Keiichi Watanabe <keiichiw@xxxxxxxxxxxx> · Fri, 28 Jun 2024 12:29:05 +0900

Hi Stefan,

Thanks for sharing QEMU's approach!
We also have a similar early notification mechanism to avoid low-disk
conditions.
However, the approach I would like to propose is to prevent pausing
the guest by allowing the guest retry requests after a while.

On Wed, Jun 19, 2024 at 10:57 PM Stefan Hajnoczi <stefanha@xxxxxxxxxx> wrote:
>
> > What do you think of this idea? Also, has anything similar been attempted yet?
>
> Hi Keiichi,
> Yes, there is an existing approach that is related but not identical to
> what you are exploring:
>
> QEMU has an option to pause the guest and raise a notification to the
> management tool that ENOSPC has been reached. The guest is unable to
> resolve ENOSPC itself and guest applications are likely to fail the disk
> becomes unavailable, hence the guest is simply paused.
>
> In systems that expect to hit this condition, this pause behavior can be
> combined with an early notification when a free space watermark is hit.
> This way guest are almost never paused because free space can be added
> before ENOSPC is reached. QEMU has a write watermark feature that works
> well on top of qcow2 images (they grow incrementally so it's trivial to
> monitor how much space is being consumed).
>
> I wanted to share this existing approach in case you think it would work
> nicely for your use case.
>
> The other thought I had was: how does the new ENOSPC error fit into the
> block device model? Hopefully this behavior is not virtio-blk-specific
> behavior but rather something general that other storage protocols like
> NVMe and SCSI support too. That way file systems can handle this in a
> generic fashion.
>
> The place I would check is Logical Block Provisioning in SCSI and NVMe.
> Perhaps there are features in these protocols for reporting low
> resources? (Sorry, I didn't have time to check.)

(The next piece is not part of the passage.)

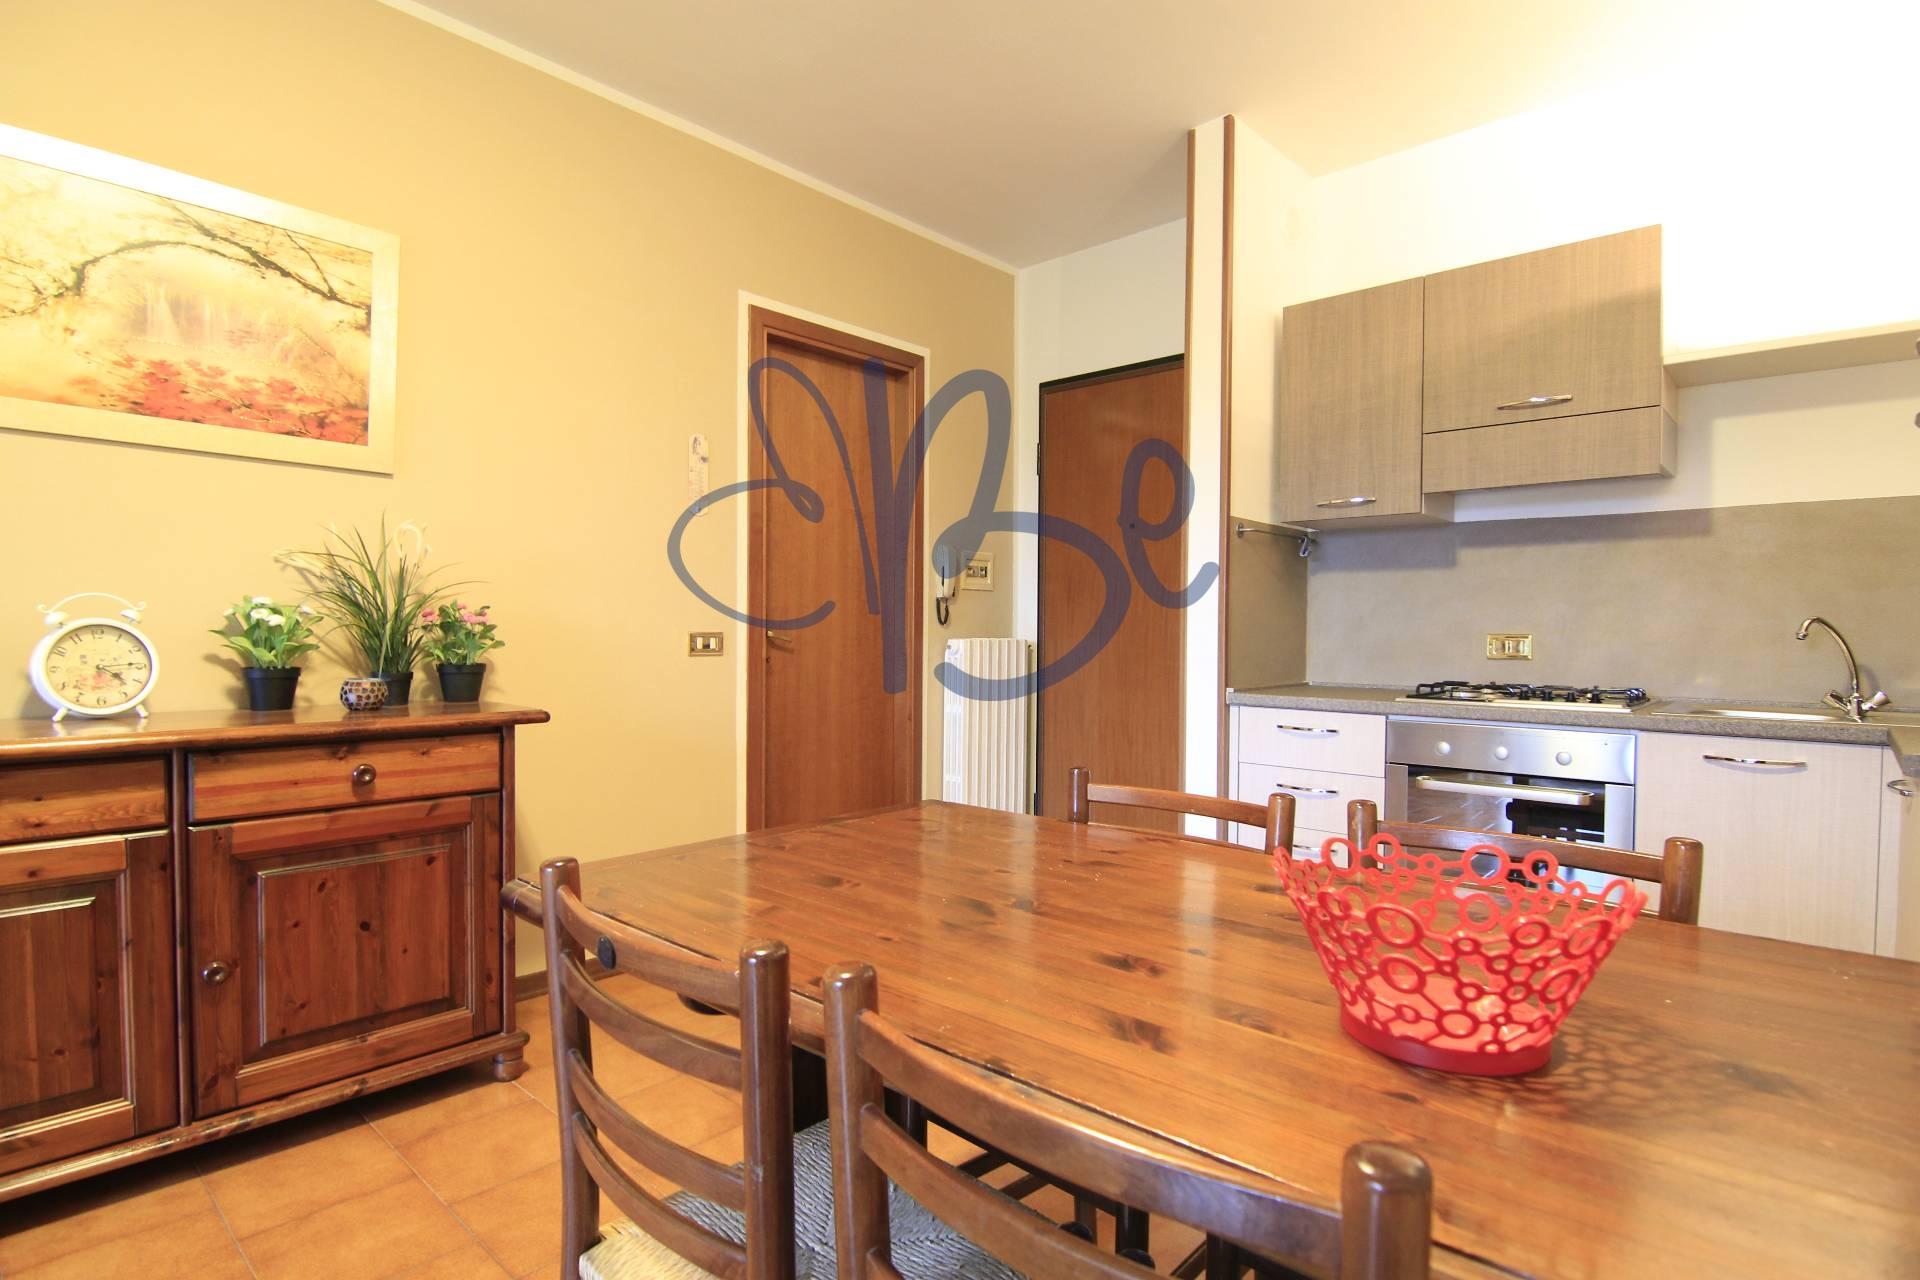 Appartamento in affitto a San Felice del Benaco, 2 locali, zona Zona: Portese, Trattative riservate | Cambio Casa.it

For scsi, THIN_PROVISIONING_SOFT_THRESHOLD_REACHED looks like the one.
For NVMe, NVME_SC_CAPACITY_EXCEEDED looks like this.

I guess we can add a new error state in ext4 layer. Le'ts say it's
"HOST_NOSPACE" in ext4. This should be used when virtio-blk returns
ENOSPACE or virtio-scsi returns
THIN_PROVISIONING_SOFT_THRESHOLD_REACHED. I'm not sure if there is a
case where NVME_SC_CAPACITY_EXCEEDED is translated to this state
because we don't have virito-nvme.
If ext4 is in the state of HOST_NOSPACE, ext4 will periodically try to
write to the disk (= virtio-blk or virtio-scsi) several times. If this
fails a certain number of times, the guest will report a disk error.
What do you think?

Best,
Keiichi

>
> Stefan